**Task to carry out**
Output the complete listing exactly, please, and keep the pictures out of it.

**Given material**

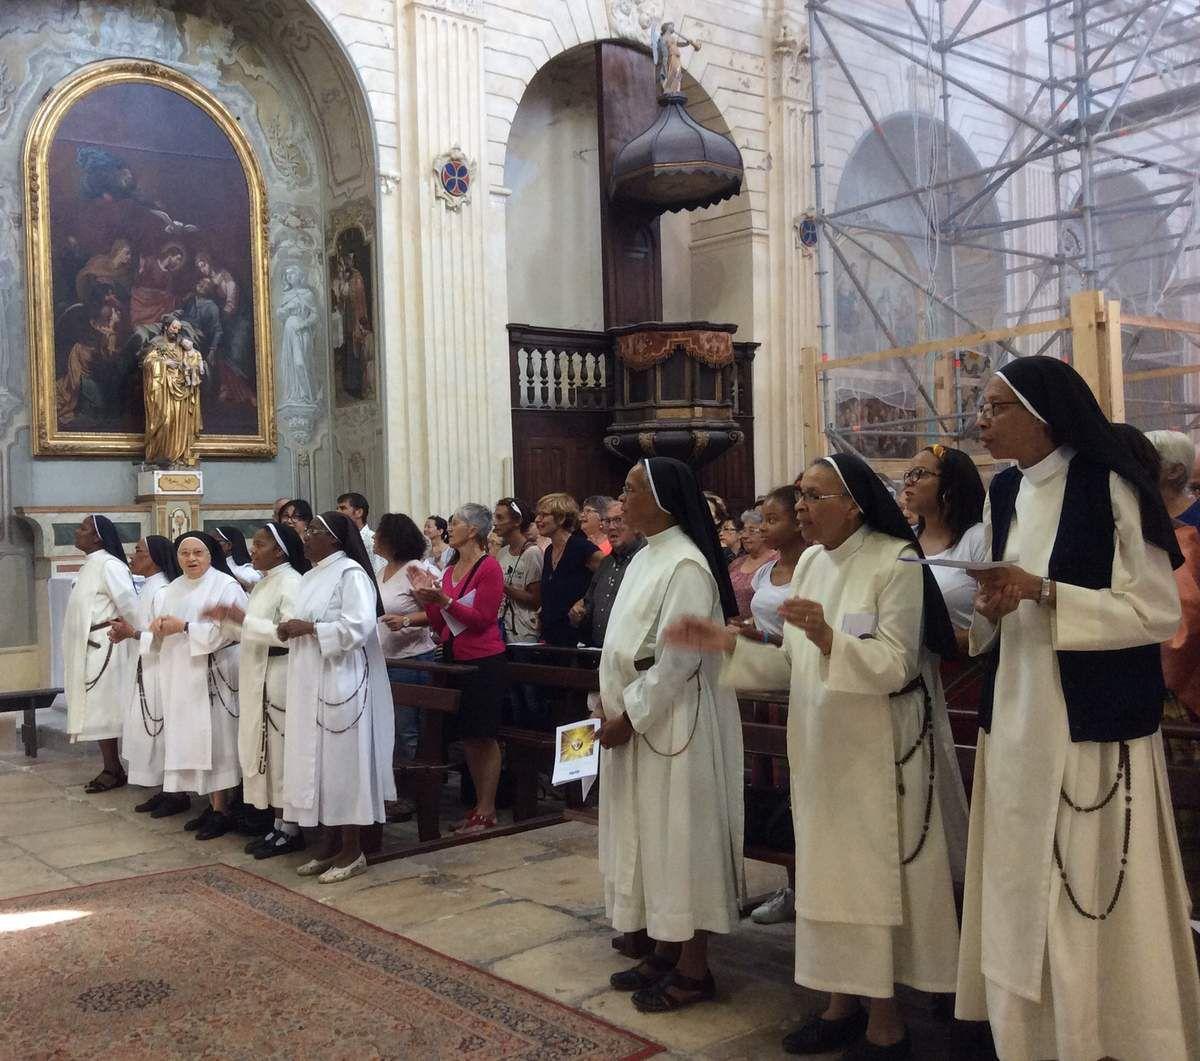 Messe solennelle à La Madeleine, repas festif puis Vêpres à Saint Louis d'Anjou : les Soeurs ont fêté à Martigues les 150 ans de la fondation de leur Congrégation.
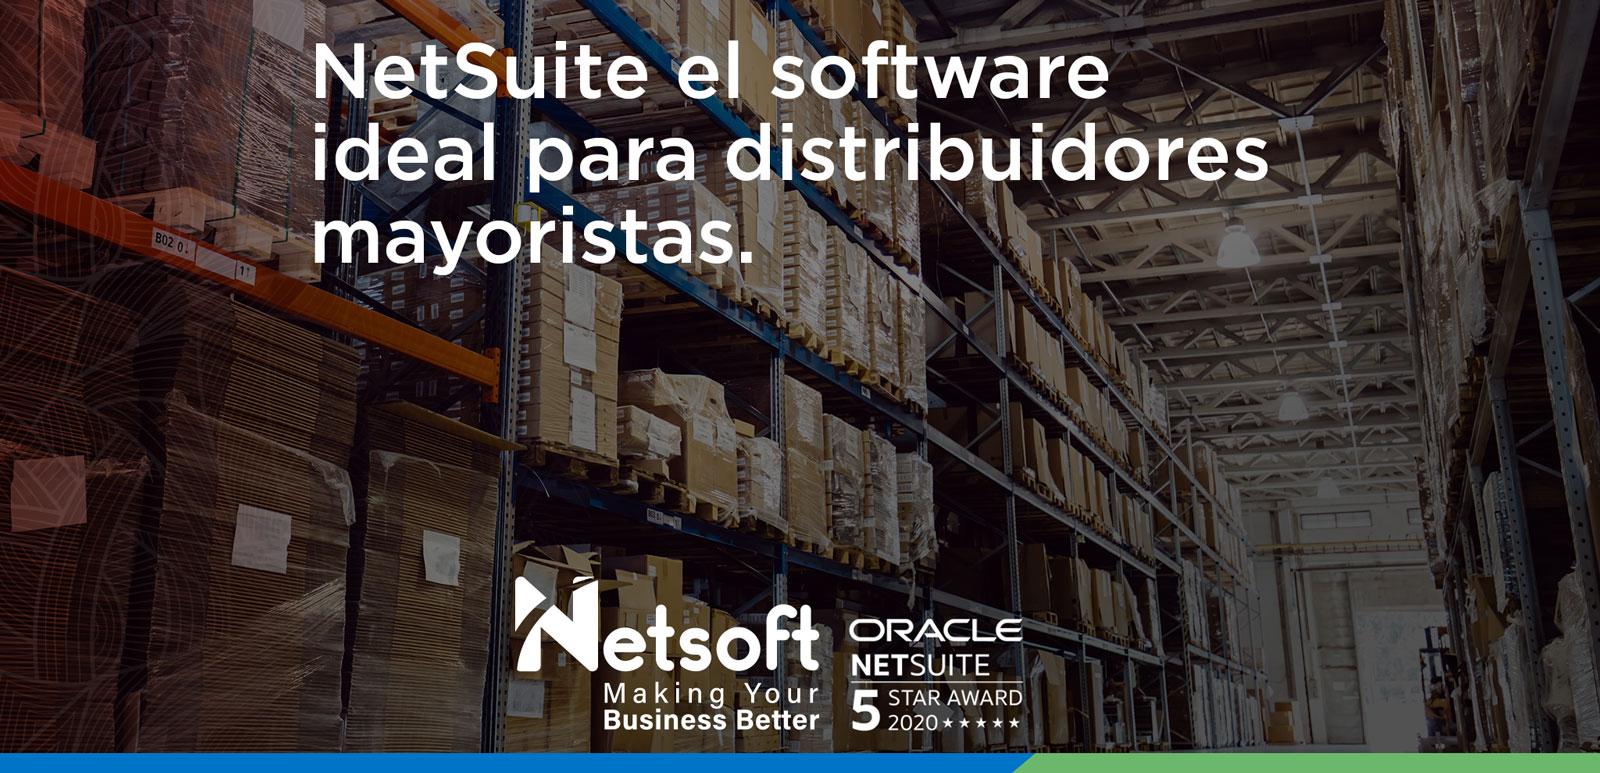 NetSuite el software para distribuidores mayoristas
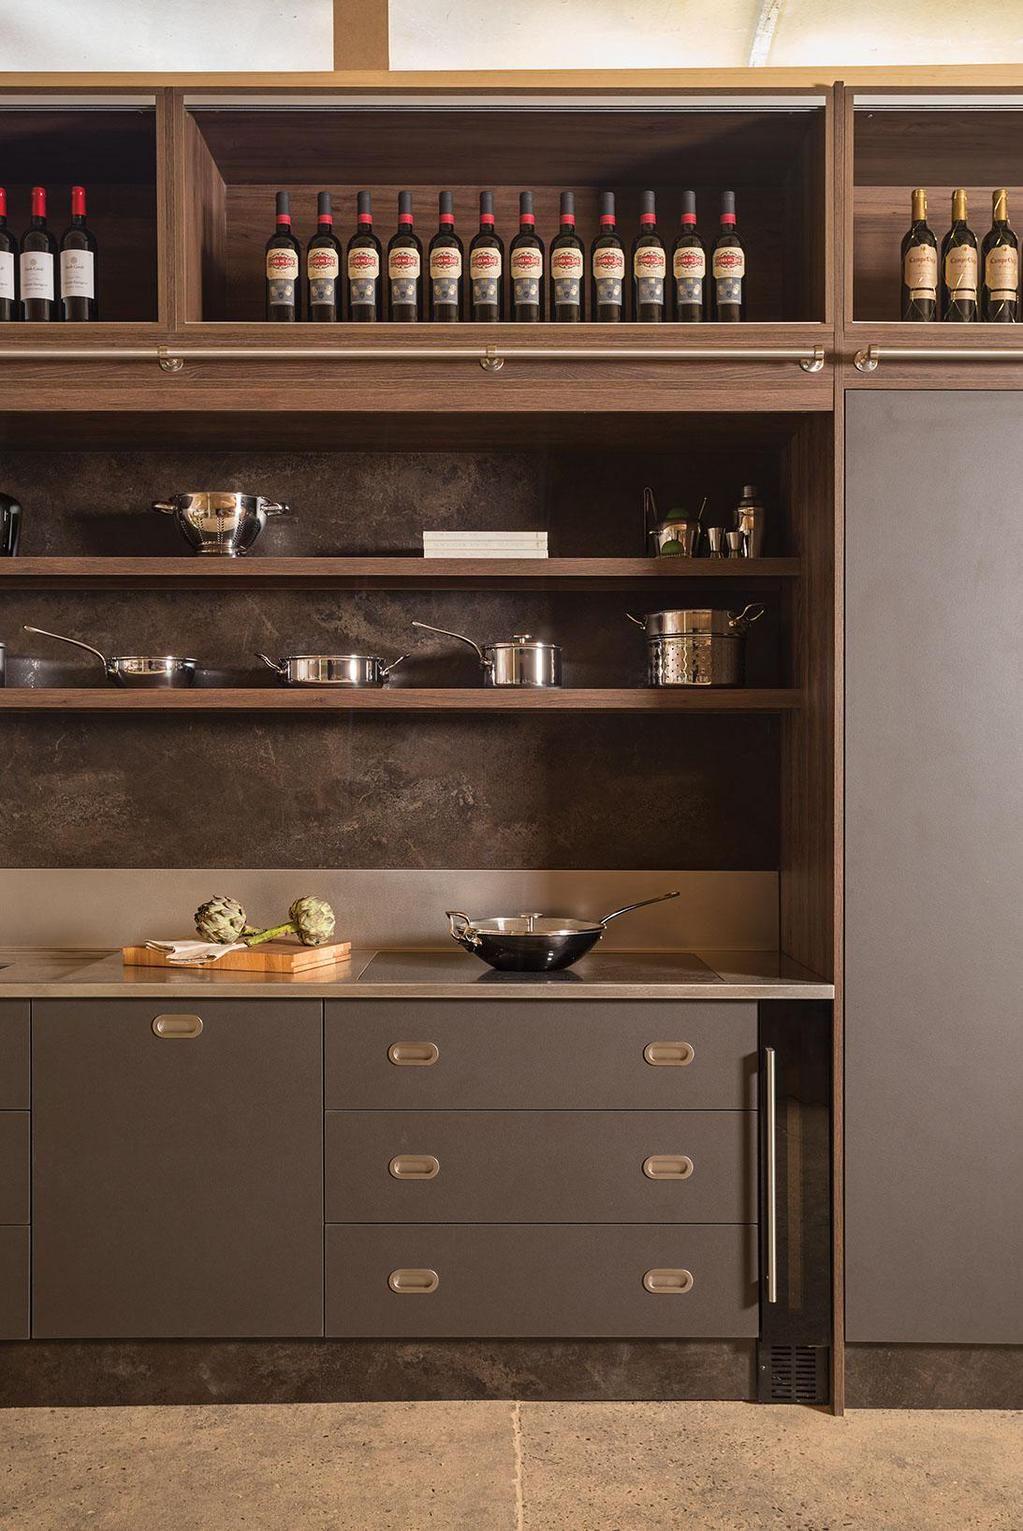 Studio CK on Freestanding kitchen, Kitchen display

**Task output**
 Messe solennelle à La Madeleine, repas festif puis Vêpres à Saint Louis d'Anjou : les Soeurs ont fêté à Martigues les 150 ans de la fondation de leur Congrégation.
 NetSuite el software para distribuidores mayoristas
 Studio CK on Freestanding kitchen, Kitchen display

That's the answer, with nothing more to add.